Satellite imagery shows damage to Iran’s nuclear program, but experts say it’s not destroyed: “Iran had more than 600 kilograms of enriched uranium,” says Albright
“I think you have to assume that significant amounts of this enriched uranium still exist, so this is not over by any means,” agrees David Albright, the president of the Institute for Science and International Security, which has closely tracked Iran’s nuclear program for years.
The International Atomic Energy Agency had assessed that Iran has more than 400 kilograms of 60% enriched uranium 235 — enough for around ten bombs, according to independent experts. Albright says that small containers that could fit into a car are where the 60% enriched uranium is taken.
But as evidence that the strikes may have missed the uranium stocks, both Albright and Lewis point to commercial satellite imagery from the days before the strike. The images show trucks at two key sites — Isfahan and Fordo. It is possible that the sealed tunnels serve as entrances to underground facilities used to store atomic bomb material in the event of an American attack.
Both Lewis and Albright say that the strikes themselves may well have been effective, although it is difficult to say for sure. Satellite imagery shows holes around Fordo, and ashy debris over the entire site. Albright believes that bunker-busters were used to try and strike at the enrichment facility’s ventilation system, along with the main hall where uranium-enriching centrifuges were kept.
Source: Satellites show damage to Iran’s nuclear program, but experts say it’s not destroyed
U.S. bombing attacks on Iran’s nuclear facilities are not going to stop the invasion of Iran, according to the International Atomic Energy Agency
“Iran’s nuclear ambitions have been obliterated,” Secretary of Defense Pete Hegseth said during a Pentagon press conference on Sunday. “The operation President Trump planned was bold and it was brilliant.”
The U.S. launched two dozen missiles at the same time as the bombings. Those weapons hit buildings and tunnel entrances at a third nuclear site at Isfahan.
“At the end of the day there are some really important things that haven’t been hit,” says Jeffrey Lewis, a professor at the Middlebury Institute of International Studies at Monterey, who tracks Iran’s nuclear facilities. This is an incomplete strike if this ends here.
U.S. officials say that strikes conducted on three key Iranian nuclear sites have devastated its nuclear program, but independent experts analyzing commercial satellite imagery say the nation’s long-running nuclear enterprise is far from destroyed.
The statement was put out by the International Atomic Energy Agency. Rafael Mariano Grossi, the agency’s Director General, said that “as of this time, we don’t expect that there will be any health consequences for people or the environment outside the targeted sites.”

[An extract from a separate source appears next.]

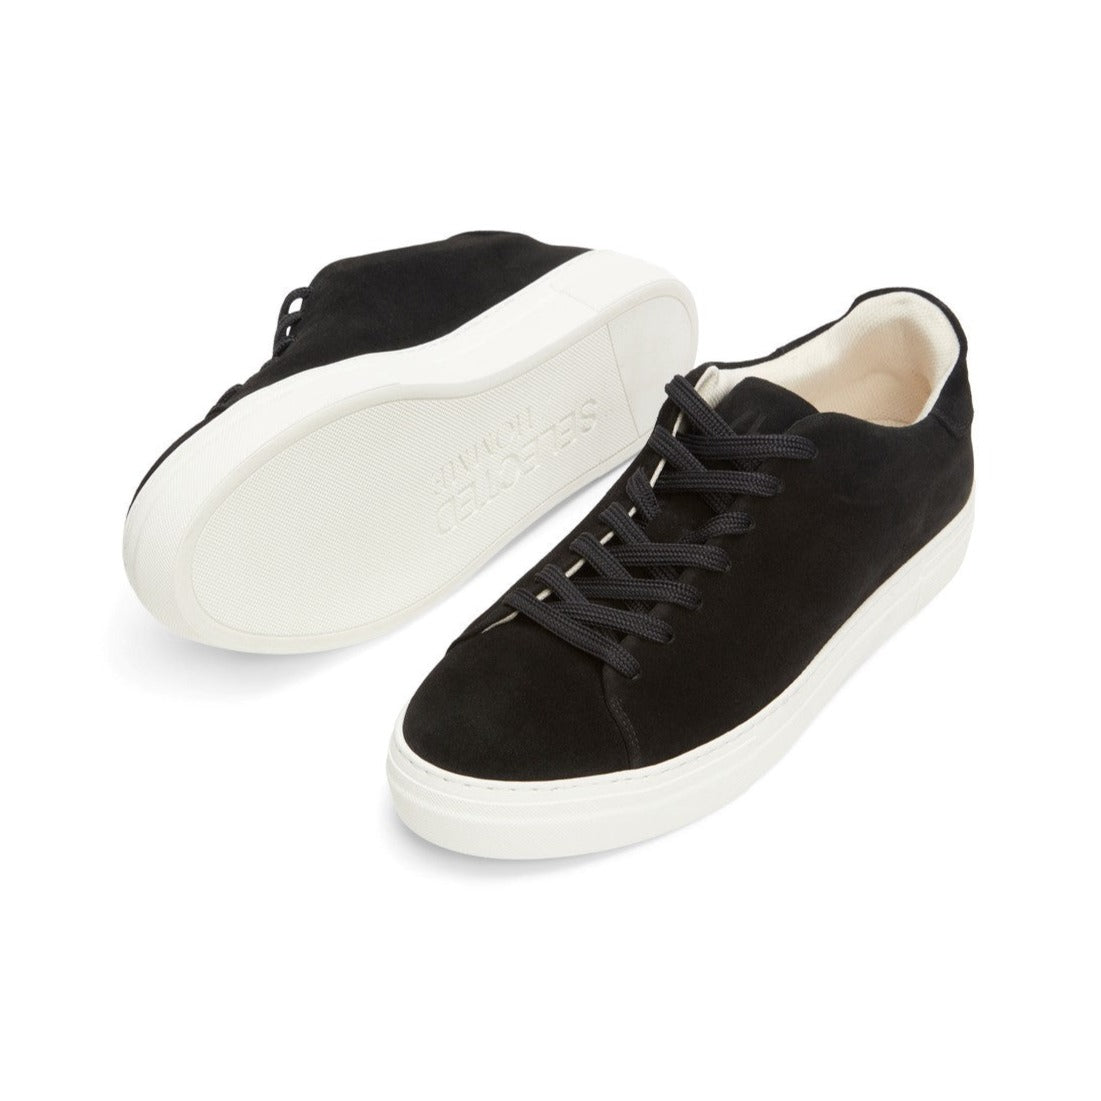 David Chunky Suede Trainer - Black

According to the agency, the sites hit by the US bombs contained nuclear material which was enriched to different levels. At least, that’s the most recent information it had verified “before the attacks on Iran began on 13 June.”

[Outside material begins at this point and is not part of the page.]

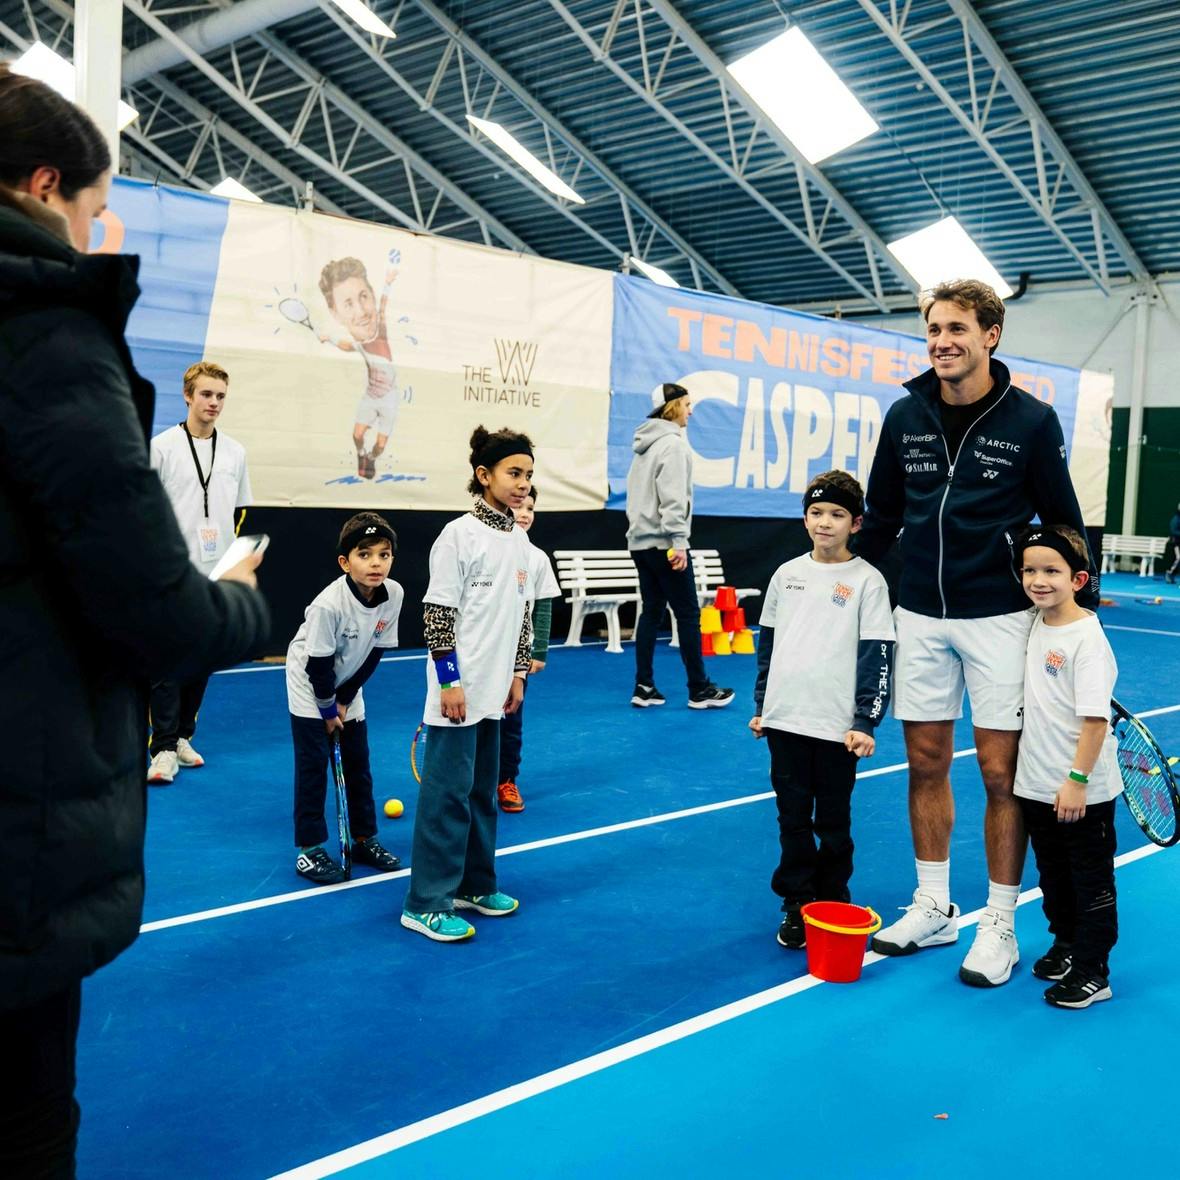 Tennis player Casper Ruud is taking photos with children participating in the tennis festival

The Union of Concerned Scientists in Washington, D.C. says that the types of radioactivity found at this type of facility are at the lowest level of risk.
What’s more, these facilities would have mostly been working with uranium in the form of a gas called uranium hexafluoride. The molecules of this gas are big and heavy. That means when a container that holds this gas gets ruptured, the gas doesn’t travel far through the air, according to Emily Caffrey, a health physics expert at the University of Alabama at Birmingham.

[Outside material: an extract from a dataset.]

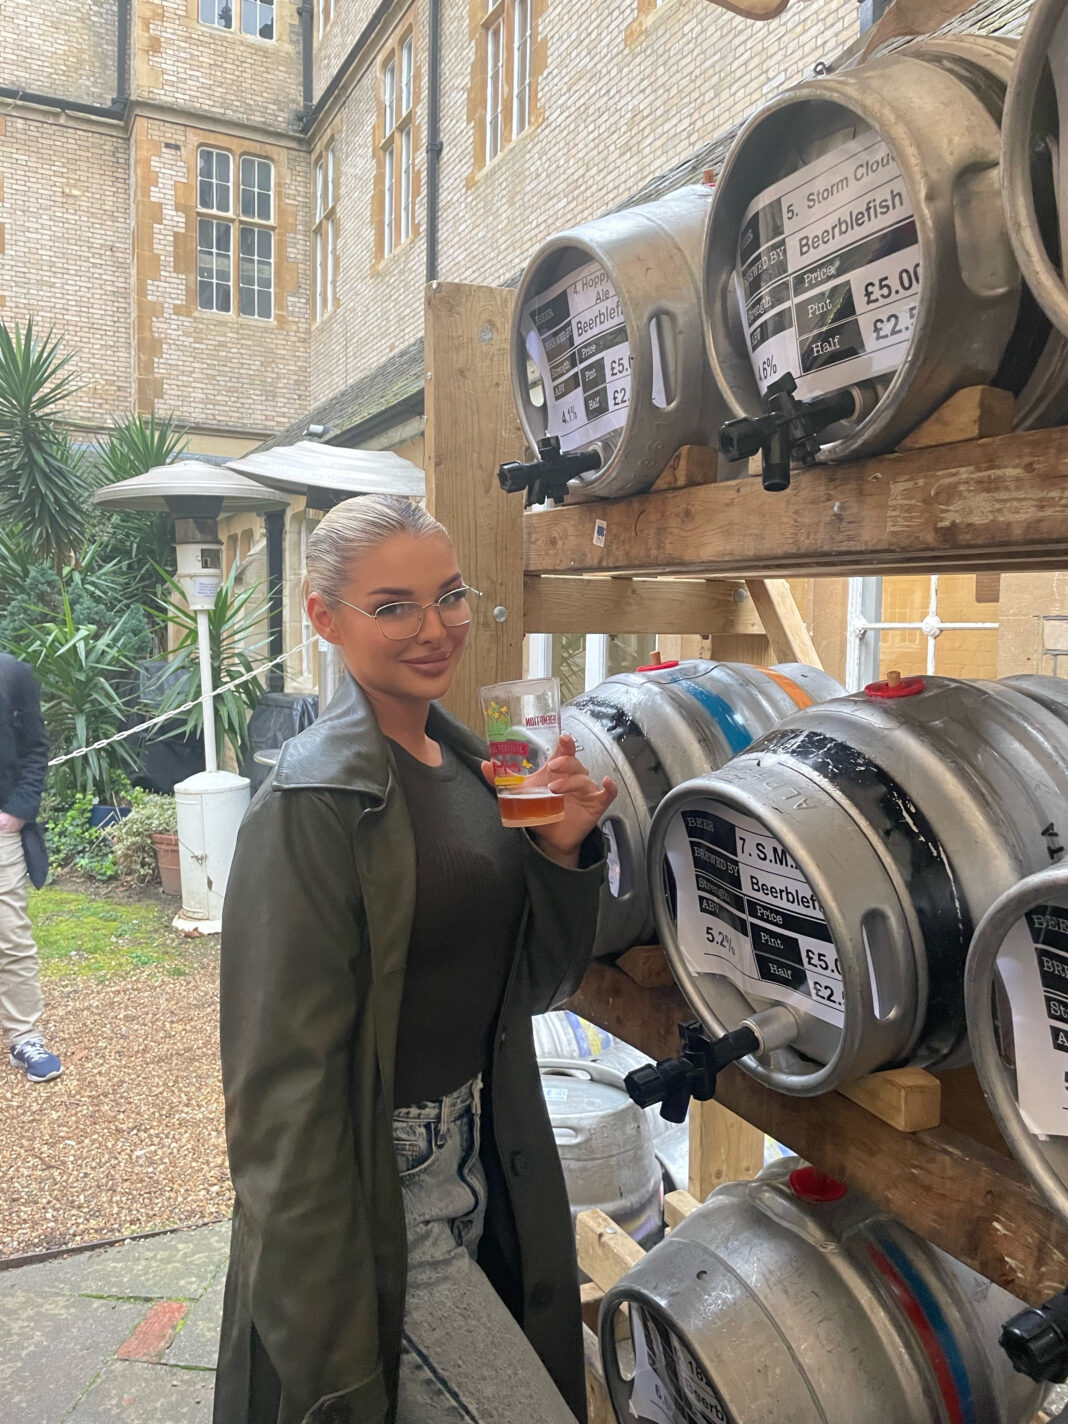 Wandsworth Common beer and cider festival

Earlier this month, when an attack by Israel damaged the aboveground portion of the Natanz Fuel Enrichment Plant, the level of radioactivity outside the site “remained unchanged and at normal levels, indicating no external radiological impact to the population or the environment from this event,” the IAEA reported.
In the past, the IAEA’s Director General has voiced his opposition to military attacks on Iran’s nuclear sites, saying that “though they have not so far led to a radiological release affecting the public, there is a danger this could occur.”
Neighboring countries have been watching the situation closely, according to a statement put out by the government of Kuwait, which cited the Gulf Cooperation Council (GCC) as saying on Sunday that “no abnormal radiation levels have been detected in any of the member states.”
“Monitoring of the situation and its developments will continue through established surveillance and early warning systems,” the statement said, “and reports will be issued regularly.”